Wieder mehr Bestellungen für die Thurgauer Industrie

Die Thurgauer Industrie findet allmählich aus dem Tief heraus. Anfang Juli beurteilten die von der KOF ETH befragten Thurgauer Industriebetriebe ihre Situation weitaus weniger ungünstig als noch im Frühling. Sie gilt insgesamt als knapp zufriedenstellend.

Blick in eine Montagehalle von Stadler Rail in Bussnang.

Bildlegende: Blick in eine Montagehalle von Stadler Rail in Bussnang. Keystone

Nach fünf Quartalen mit teils empfindlichen Exporteinbussen schaffte die Thurgauer Exportwirtschaft den Sprung in die Wachstumszone. Im zweiten Quartal 2016 nahmen die Ausfuhren im Vorjahresvergleich um drei Prozent zu. Vor allem in die Industrieländer wurde mehr ausgeführt. Dies ist der neuesten Ausgabe des «Thurgauer Wirtschaftsbarometers» zu entnehmen.

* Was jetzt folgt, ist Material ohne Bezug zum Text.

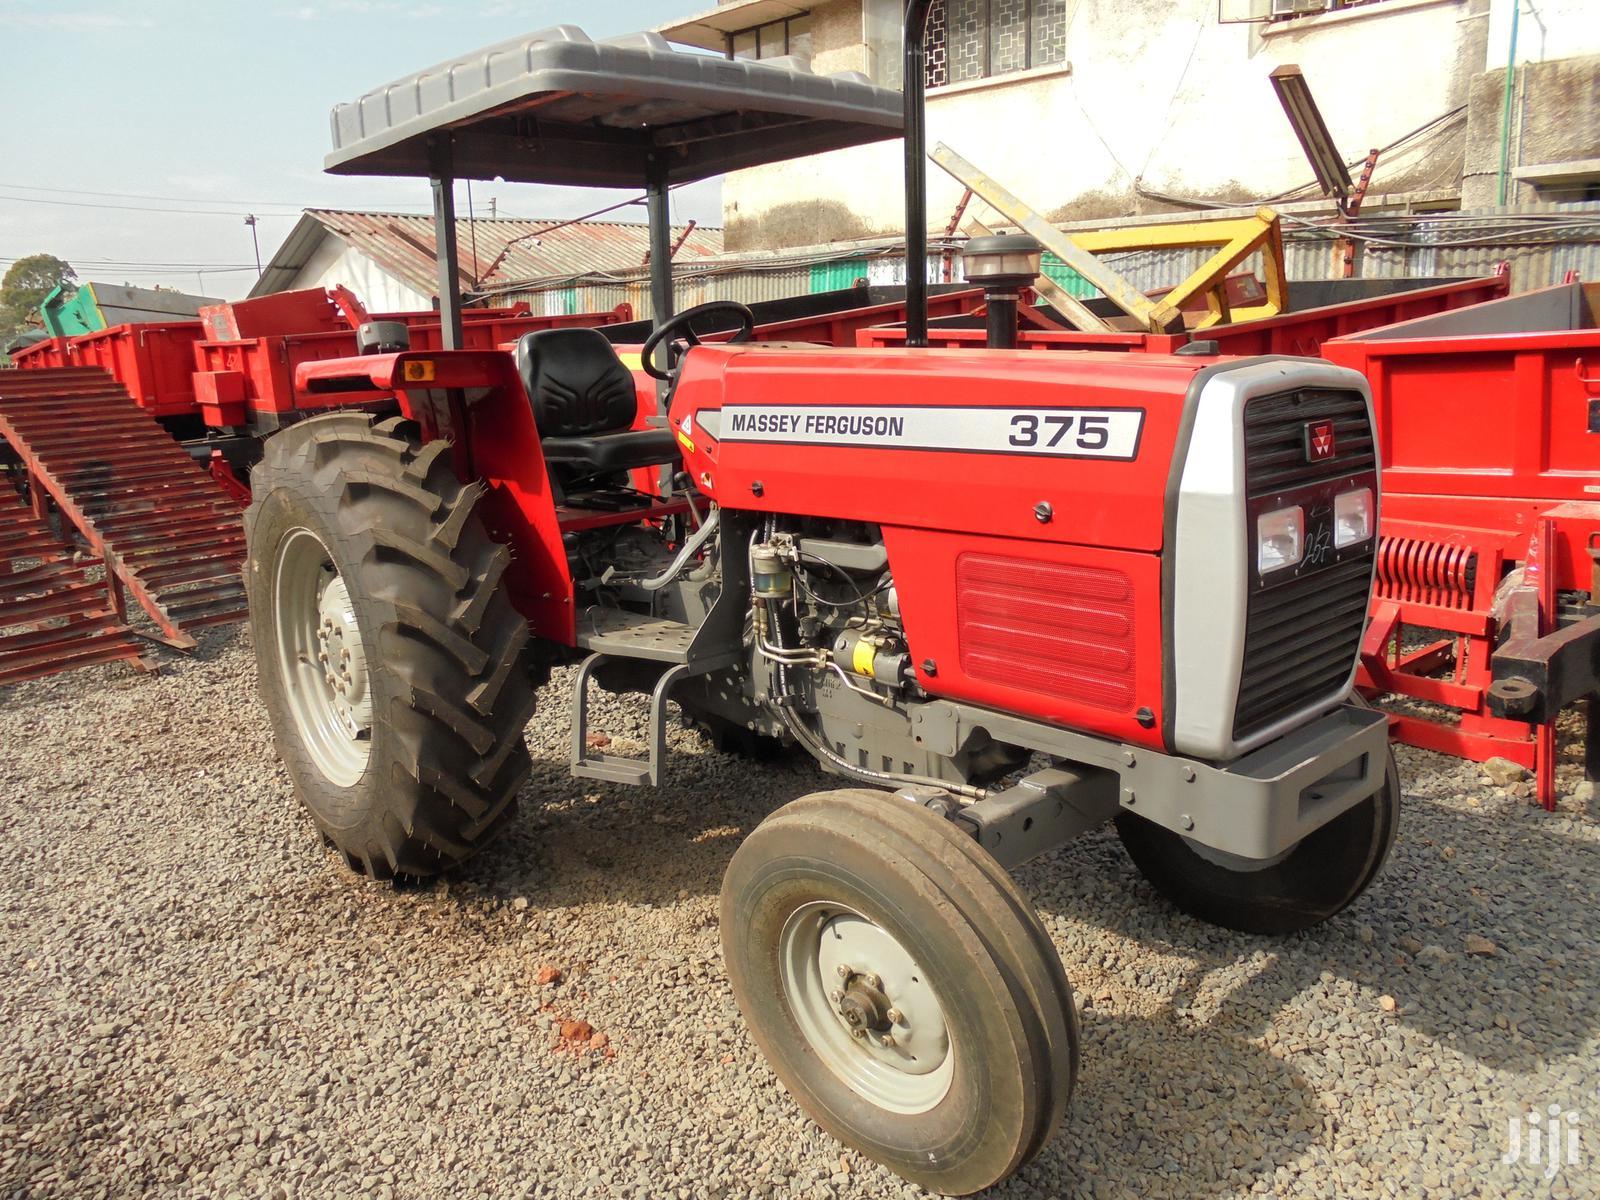 375 Massey Ferguson Tractor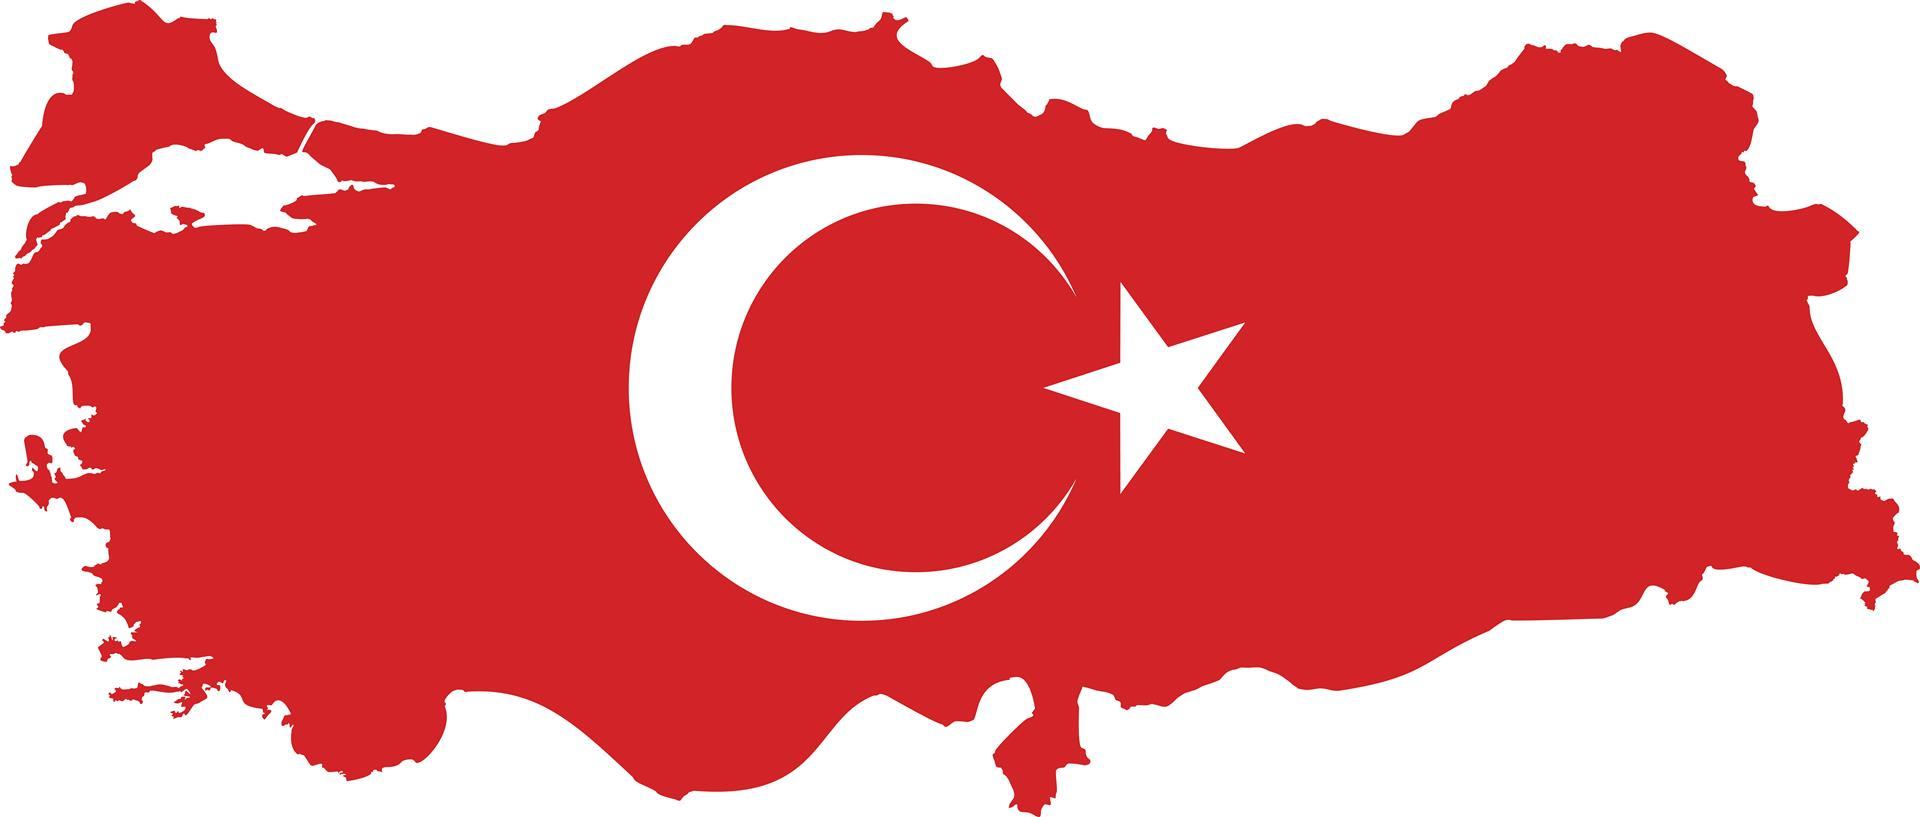 Turkey map with flag. flag map turkey country on digital ...

Erholung bei Metall- und Maschinenindustrie

Branchenmässig war die Exporterholung breit abgestützt. Ins Gewicht fielen insbesondere die Mehrausfuhren der Metallbranche, aber auch einiger Zweige der Maschinenindustrie. Auch Nahrungs- und Genussmittel, Präzisionsinstrumente, Chemie/Pharmazie und Kunststoffe trugen massgeblich zum Exportplus bei.

Vorsichtiger Optimismus

Trotz der allmählichen Aufhellung bleiben die Zukunftserwartungen der Thurgauer Industriebetriebe vorsichtig. Für das dritte Quartal 2016 gehen sie von einer unveränderten Produktion aus. Die Exporte dürften aber weiter anziehen und die Bestellungen etwas lebhafter eingehen. Für den weiteren Zeithorizont bis zum Jahresende äussern sich die Betriebe verhalten zuversichtlich. 31 % rechnen mit einer Aufhellung ihrer Geschäftslage, 12 % mit einer Eintrübung. Mehr als die Hälfte der Industrieunternehmen geht von einer unveränderten Situation aus.